Restoring a national treasure
St Edward’s Presbytery was part of Pugin’s vision for an ideal Catholic community.
The Landmark Trust is a charity that carefully and sensitively restores historic buildings across the country, making them available for holidaymakers to rent out and experience.
When St Edward’s Presbytery in Ramsgate came on the market, the Landmark Trust was very keen to purchase and restore this historic building. Situated next to The Grange, Pugin’s family home, the Presbytery was an integral part of the architect’s vision for a thriving Catholic community, but it had fallen into disrepair.
The Landmark Trust already owned The Grange, and thankfully due to a timely legacy they were also able to purchase the Presbytery in 2010. Yet a series of poor renovations and additions as well as general disrepair meant there was still a lot of work to do.
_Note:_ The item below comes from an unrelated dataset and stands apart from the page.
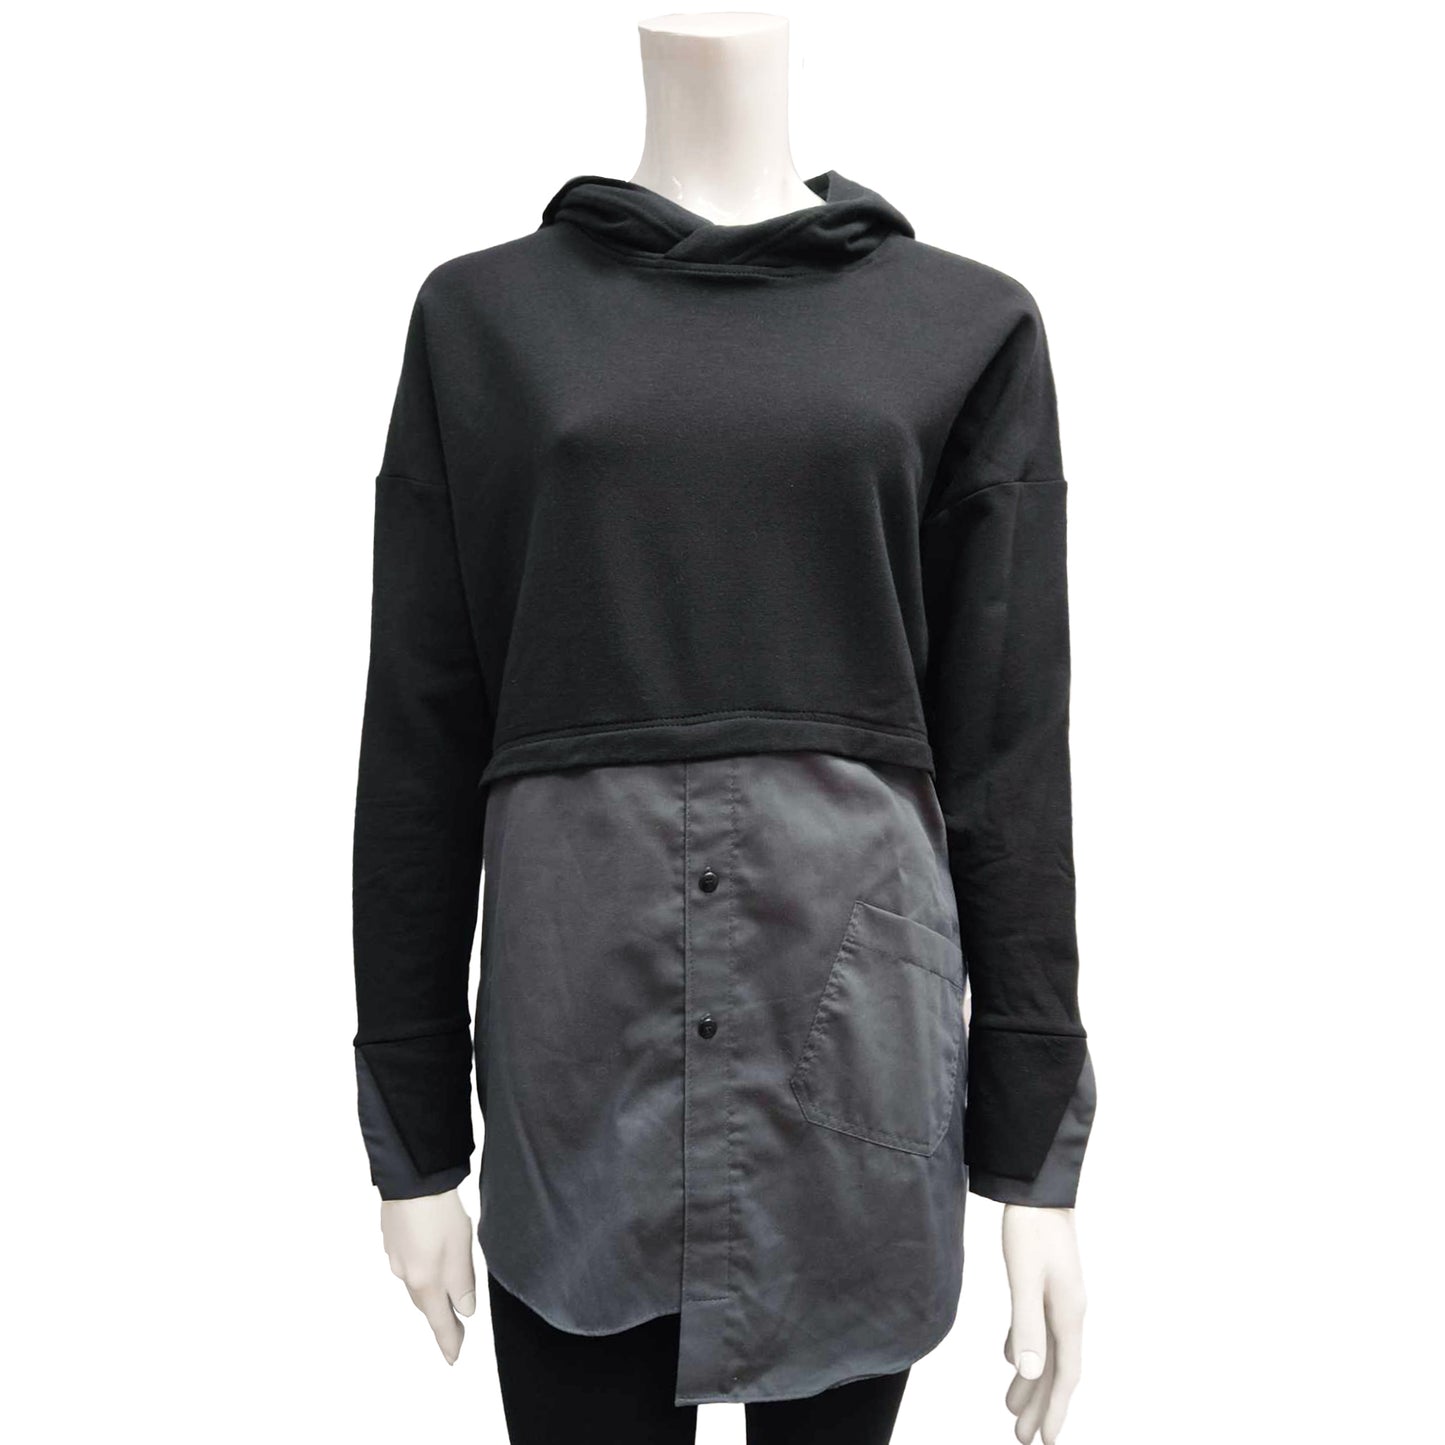 Women's hooded sweatshirt - SYDNEY | Charcoal

Benefiting a church community and the tourism industry
The Landmark Trust approached Allchurches Trust for a grant to carry out essential repairs to the Presbytery. On a site visit we were very impressed with the benefits that the restorations would bring to the area.
Not only would a restored Presbytery take pride of place next to the thriving church of St Augustine’s, it would provide much-needed employment and apprenticeships in a deprived area. Once the work was completed, it would also bring visitors to the area who would use local amenities.
“A visit really helped to demonstrate the shared space of the church and the Presbytery,” explains Paul Playford, Grants Officer for Allchurches Trust. “By visiting the site you get a true sense of how important it really is.”
We made a grant of £8,000 towards the restoration work, which involved removing the ill-considered additions to the main building, replacing rotten floors, opening up fireplaces and rebuilding their surrounds.
Builders and apprentices also rebuilt the staircase and reinstated the leaded-light windows, reusing original materials wherever possible.
The restoration of the Presbytery means that the whole site is now much as Pugin first intended, and the Presbytery has been open for booking from November 2015. “It’s brought a historic building back into use,” explains Paul, “And it will give a real boost to the local economy."